-- Opening Marker --

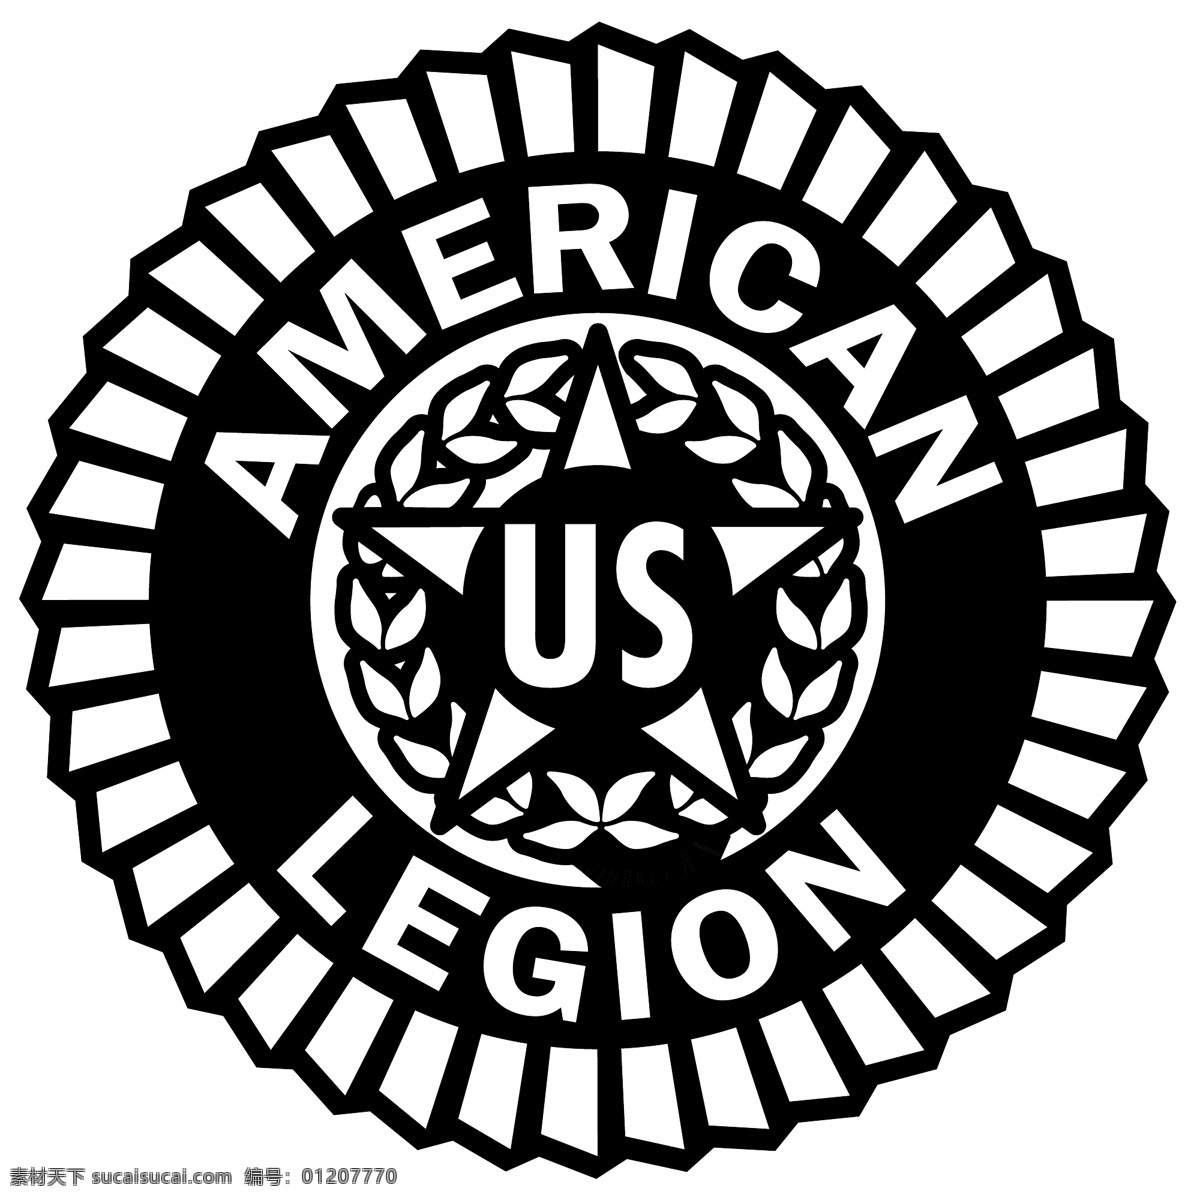 美国 退伍军人 协会 免费 军团 标志 标识 psd源文件 logo设计
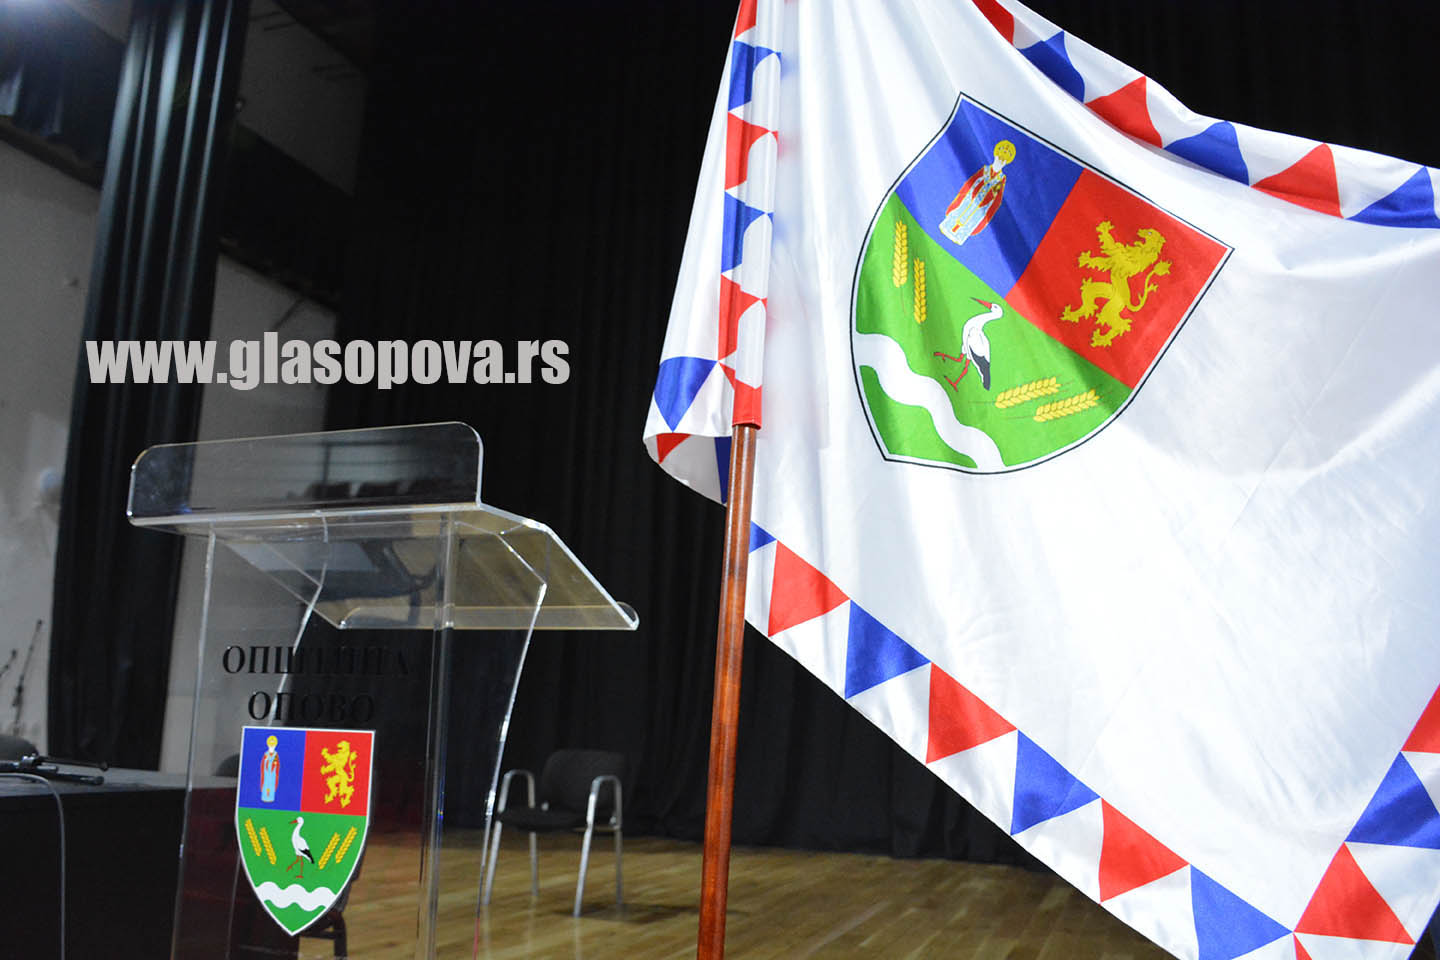 Skupština opštine Opovo: 25. sednica zakazana za 31. januar
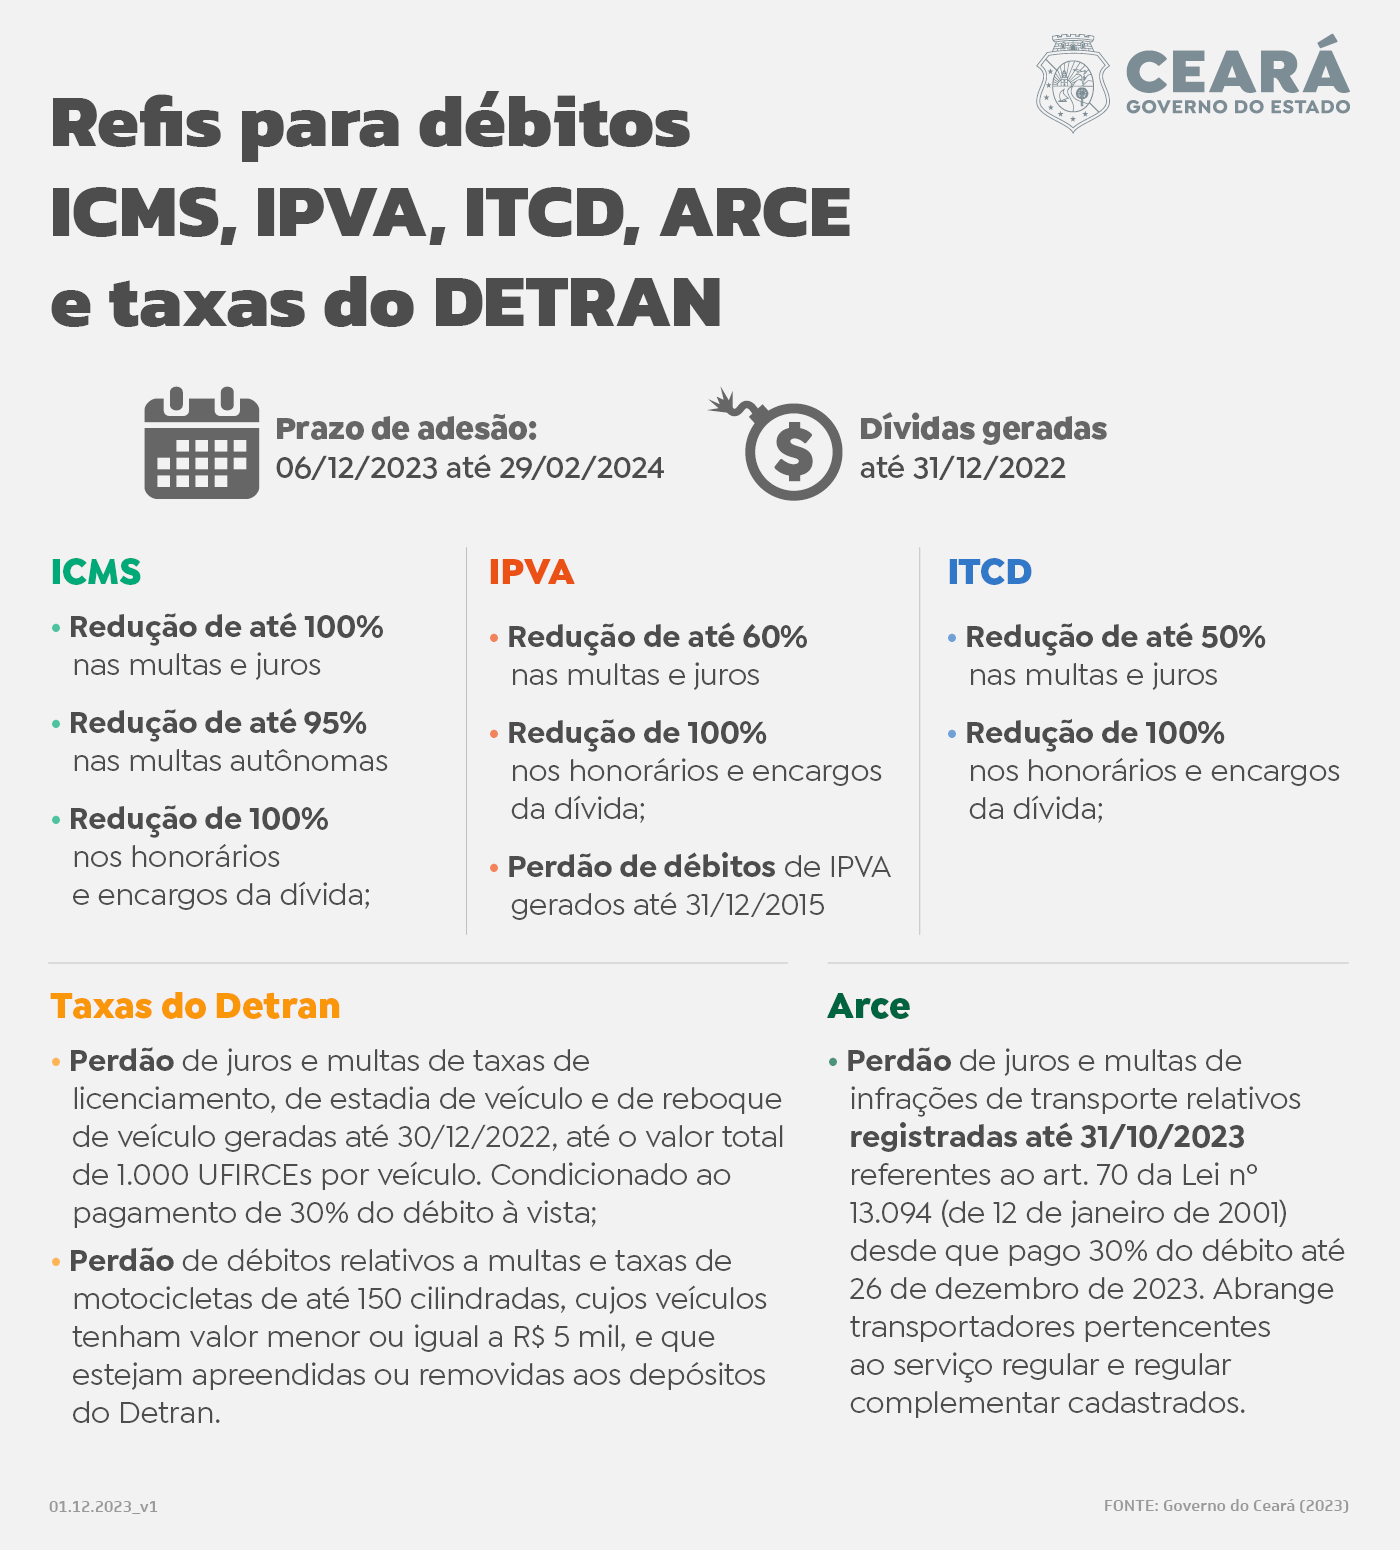 Refis Do Governo Do Ceará

-- Closing Marker --

Print each line from the one containing "Skupština opštine Opovo: 25." through the last line of the listing, both included, exactly and with no pictures.

 Skupština opštine Opovo: 25. sednica zakazana za 31. januar
 Refis Do Governo Do Ceará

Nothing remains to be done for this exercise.